Quantitative RT-PCR (qRT-PCR) analyses of MM cell lines, normal B, plasma, and activated
T cells treated with Reolysin revealed a significant and selective induction of PD-L1
in MM cell lines (Figure 1B). The results were confirmed by immunoblotting in MM cell
lines (Figure 1B). Reolysin also upregulated PD-L2 expression in a manner that mirrored
PD-L1, albeit to a lesser extent than PD-L1 induction (Supplementary Figures 3A–B).
Importantly, flow cytometric analysis showed that Reolysin significantly increased
the cell surface expression of PD-L1 in both MM cell lines and primary CD138+ cells
from MM patients (Figure 1C, Supplementary Figures 4A–B, and Supplementary Table 1).

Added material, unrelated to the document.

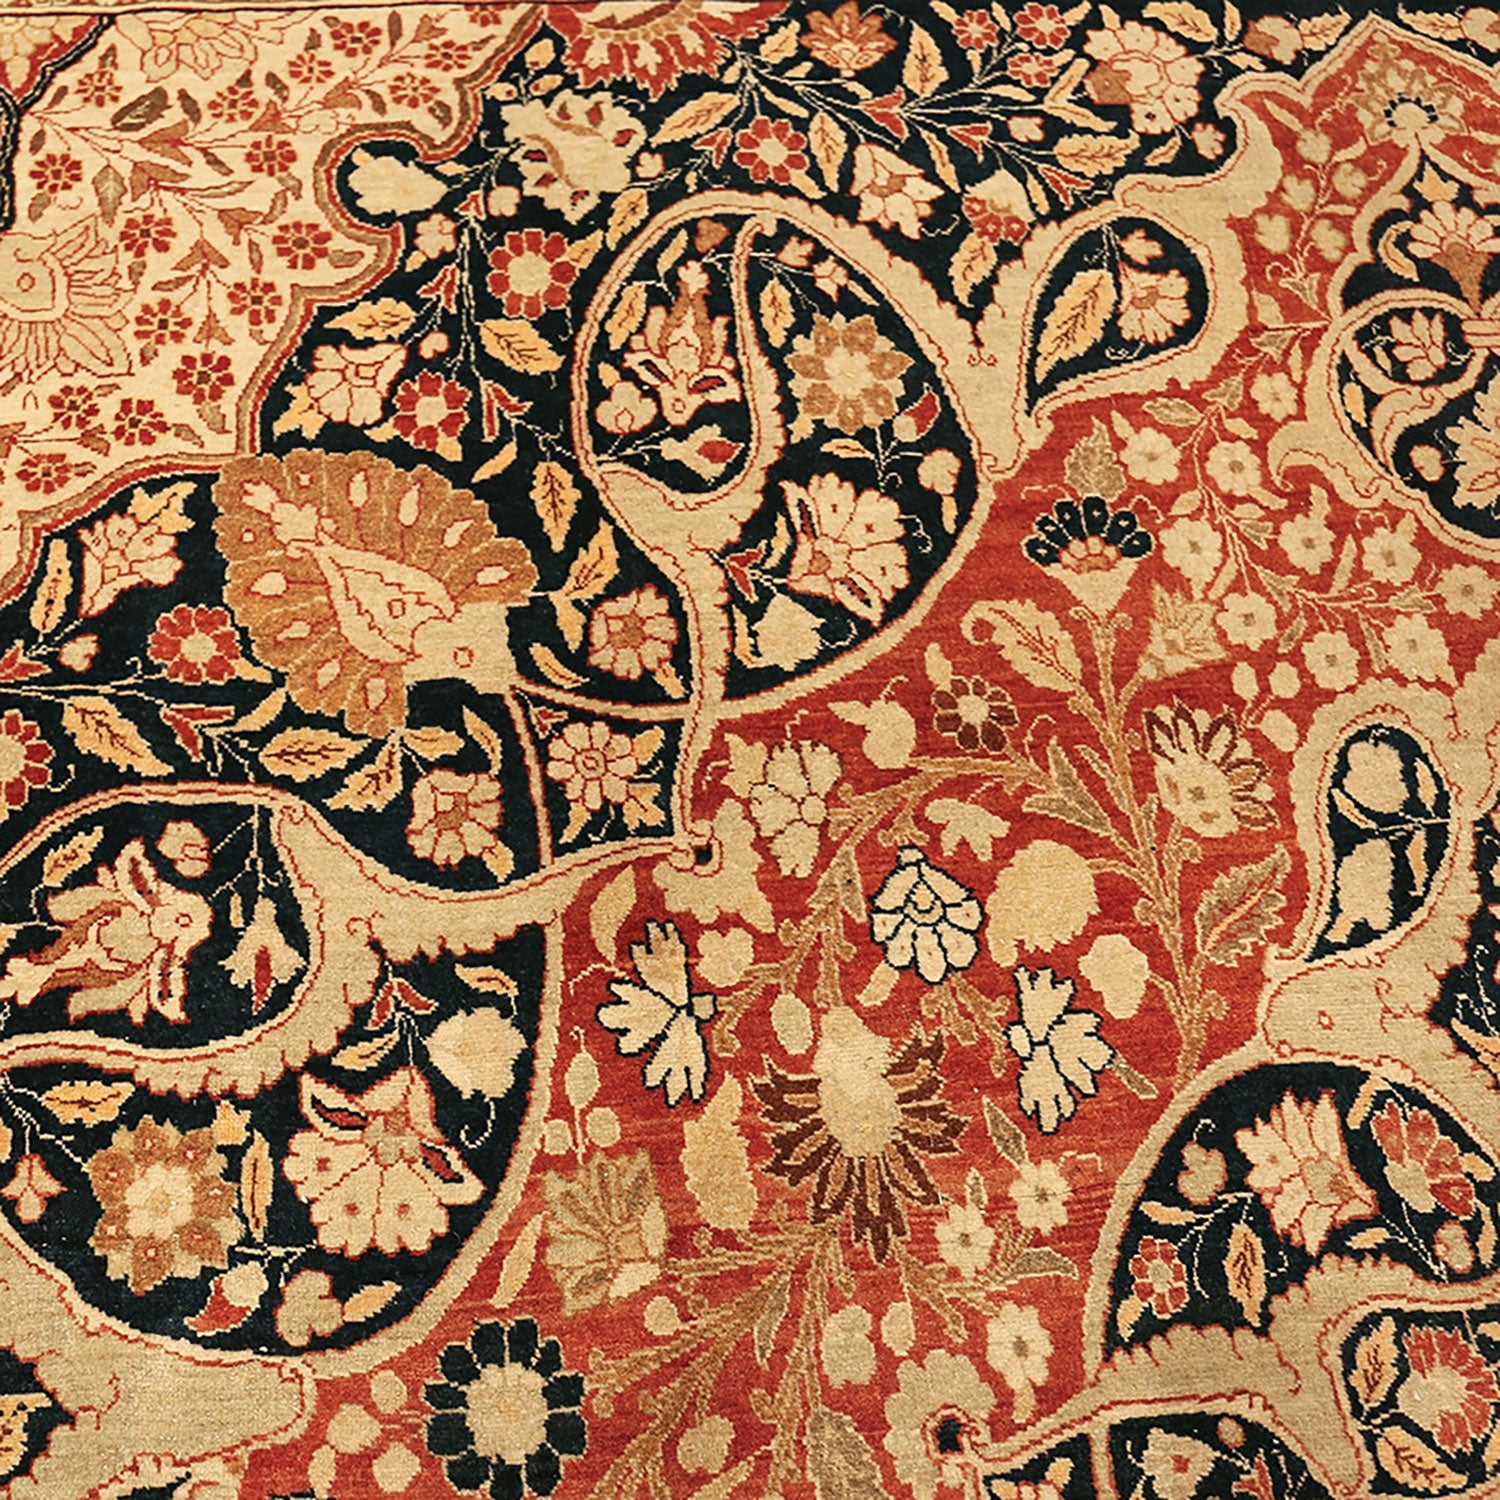 Intricately designed handwoven rug features detailed floral and botanical elements.

Since reovirus failed to replicate and induce PD-L1 expression in normal B cells,
we investigated whether active reovirus replication was essential for PD-L1 upregulation.
A comparison of the anti-MM effects achieved by live reovirus versus UV-inactivated
reovirus demonstrated that live reovirus is required to decrease MM cell viability
(Supplementary Figure 5A) and upregulate PD-L1 expression (Supplementary Figures 5B–C).
PD-L1 levels can be induced by interferon (IFN) exposure. To determine if Reolysin-induced
PD-L1 expression was mediated by IFN, we blocked IFNγ using a neutralizing antibody,
which significantly reduced Reolysin-mediated PD-L1 upregulation (Supplementary Figure
6). This study reveals that the IFNγ/JAK/STAT axis primarily regulates PD-L1 expression
in response to Reolysin. Collectively, our data demonstrate proof of concept that
reovirus infection and replication in MM cells can efficiently and selectively upregulate
PD-L1 levels in malignant cells with low target expression.
We next conducted a xenograft study to investigate the therapeutic potential of Reolysin-based
PD-L1 expression priming in vivo. Reolysin treatment produced significant anti-myeloma
activity against RPMI-8226 xenografts (Supplementary Figure 7A) and promoted in vivo
viral replication in tumors (Supplementary Figure 7B). Consistent with our in vitro
findings, reovirus infection induced a significant increase in PD-L1 levels in RPMI-8226
xenografts (Supplementary Figure 7C). To further evaluate the immune priming effects
of Reolysin in an immunocompetent system, we utilized the 5TGM1-luc syngeneic MM bone
disease mouse model, which produces lesions throughout the mouse skeleton, replicates
many other clinical, cytogenetic, histologic, and molecular features of human MM,
and secretes IgG2bκ immunoglobulin.
5, 8
In agreement with our human MM cell line data, in vitro treatment of murine 5TGM1
cells with Reolysin robustly increased PD-L1 expression (Supplementary Figure 8A).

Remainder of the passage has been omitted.